Department of Gastroenterology, Hepatology and Endocrinology, Hannover Medical School, Carl Neuberg Strasse 1, D-30625 Hannover, Germany.
Nat Rev Gastroenterol Hepatol. 2010 Jan;7(1):31-40. doi: 10.1038/nrgastro.2009.205.
Hepatitis D is caused by infection with the hepatitis D virus (HDV) and is considered to be the most severe form of viral hepatitis in humans. Hepatitis D occurs only in individuals positive for the HBV surface antigen (HBsAg) as HDV is a defective RNA viroid that requires HBsAg for transmission. At least eight different HDV genotypes have been described and each has a characteristic geographic distribution and a distinct clinical course. HDV and HBV coinfection can be associated with complex and dynamic viral dominance patterns. Chronic HDV infection leads to more severe liver disease than HBV monoinfection and is associated with accelerated fibrosis progression, earlier hepatic decompensation and an increased risk for the development of hepatocellular carcinoma. So far, only IFN-alpha treatment has proven antiviral activity against HDV in humans and has been linked to improved long-term outcomes. Studies conducted in the past 2 years on the use of PEG-IFN-alpha show that a sustained virologic response to therapy, measured in terms of undetectable serum HDV RNA levels, can be achieved in about one quarter of patients with hepatitis D. Novel alternative treatment options including prenylation inhibitors are awaiting clinical development for use in hepatitis D.

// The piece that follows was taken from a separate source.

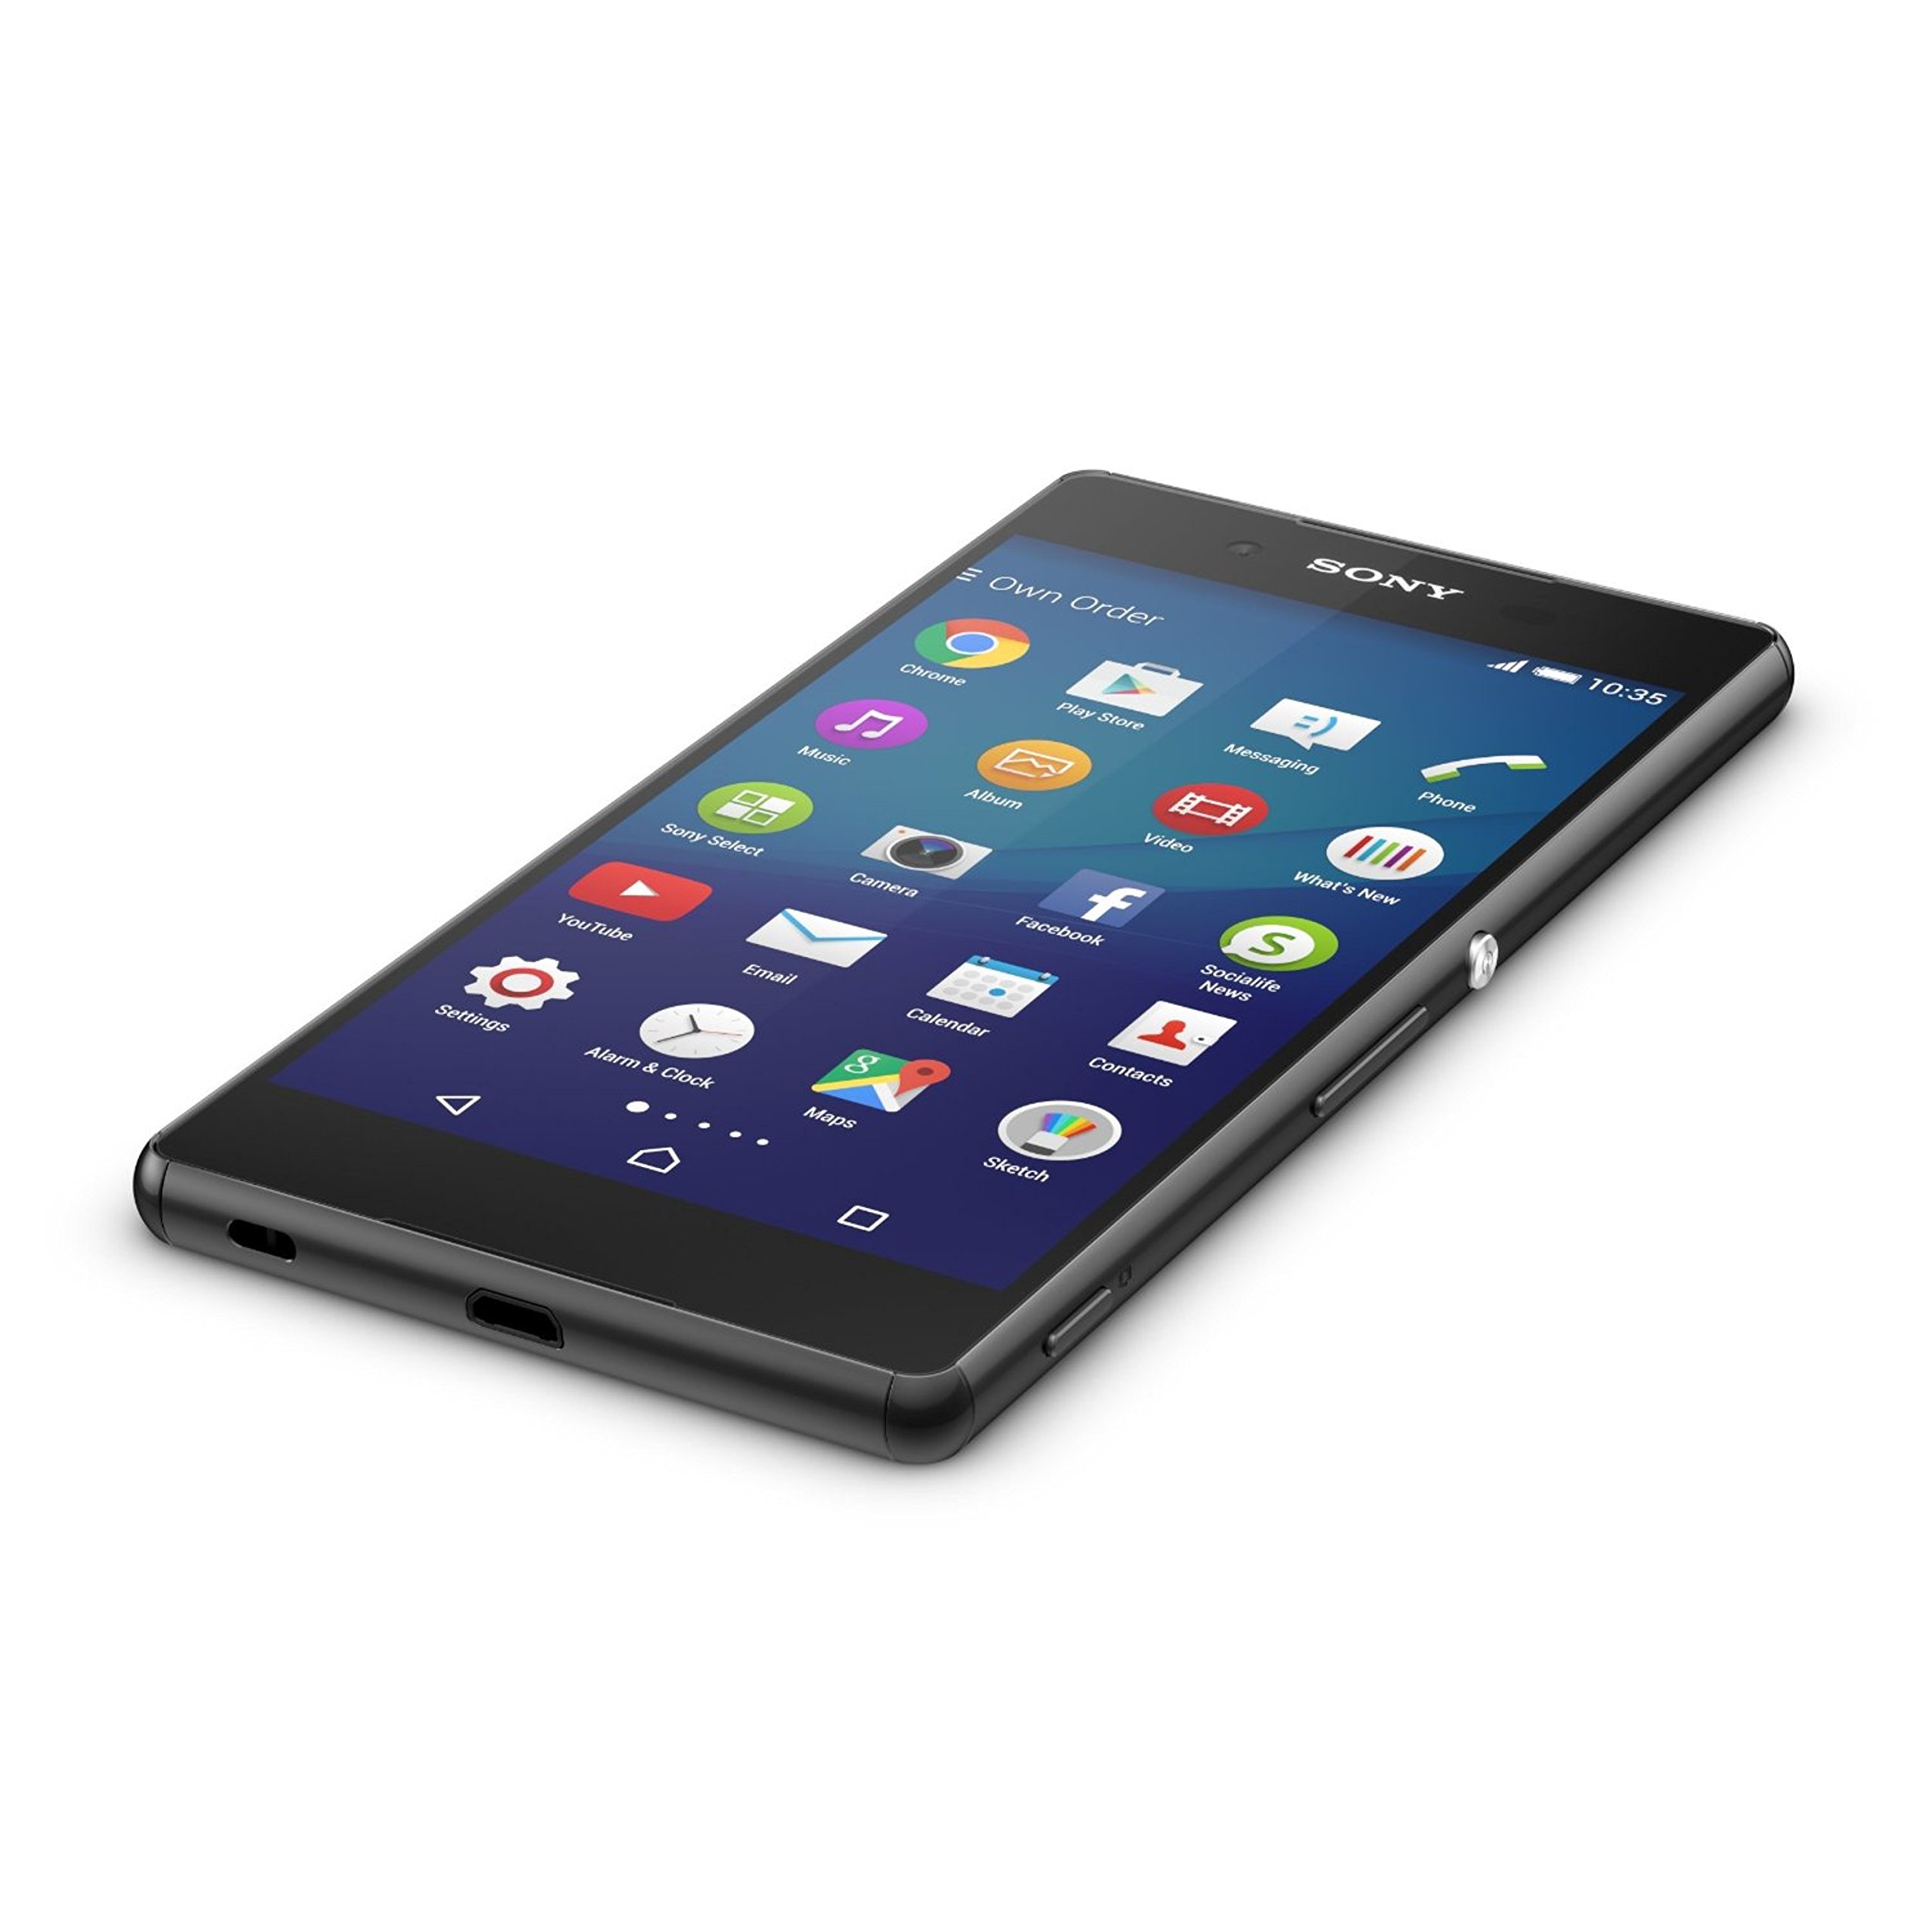 Sony Xperia Z3+ (Z3 Plus) E6553 5.2-Inch 32GB Factory Unlocked Smartphone (Black) - International Stock no warranty

丁型肝炎由丁型肝炎病毒(HDV)感染引起,被认为是人类中最严重的病毒性肝炎形式。丁型肝炎仅发生在乙型肝炎表面抗原(HBsAg)阳性的个体中,因为 HDV 是一种缺陷的 RNA 病毒,需要 HBsAg 进行传播。至少已经描述了八种不同的 HDV 基因型,每种基因型都有其特征性的地理分布和独特的临床病程。HDV 和 HBV 合并感染可能与复杂和动态的病毒优势模式有关。慢性 HDV 感染导致比 HBV 单感染更严重的肝脏疾病,并与纤维化进展加速、更早的肝失代偿和发生肝细胞癌的风险增加有关。到目前为止,只有 IFN-α治疗已被证明对人类的 HDV 具有抗病毒活性,并与改善长期预后相关。过去两年进行的关于 PEG-IFN-α 使用的研究表明,大约四分之一的丁型肝炎患者可以达到治疗的持续病毒学应答,这是通过检测不到血清 HDV RNA 水平来衡量的。包括前蛋白转化酶枯草溶菌素 9 抑制剂在内的新型替代治疗选择正在等待临床开发,用于丁型肝炎的治疗。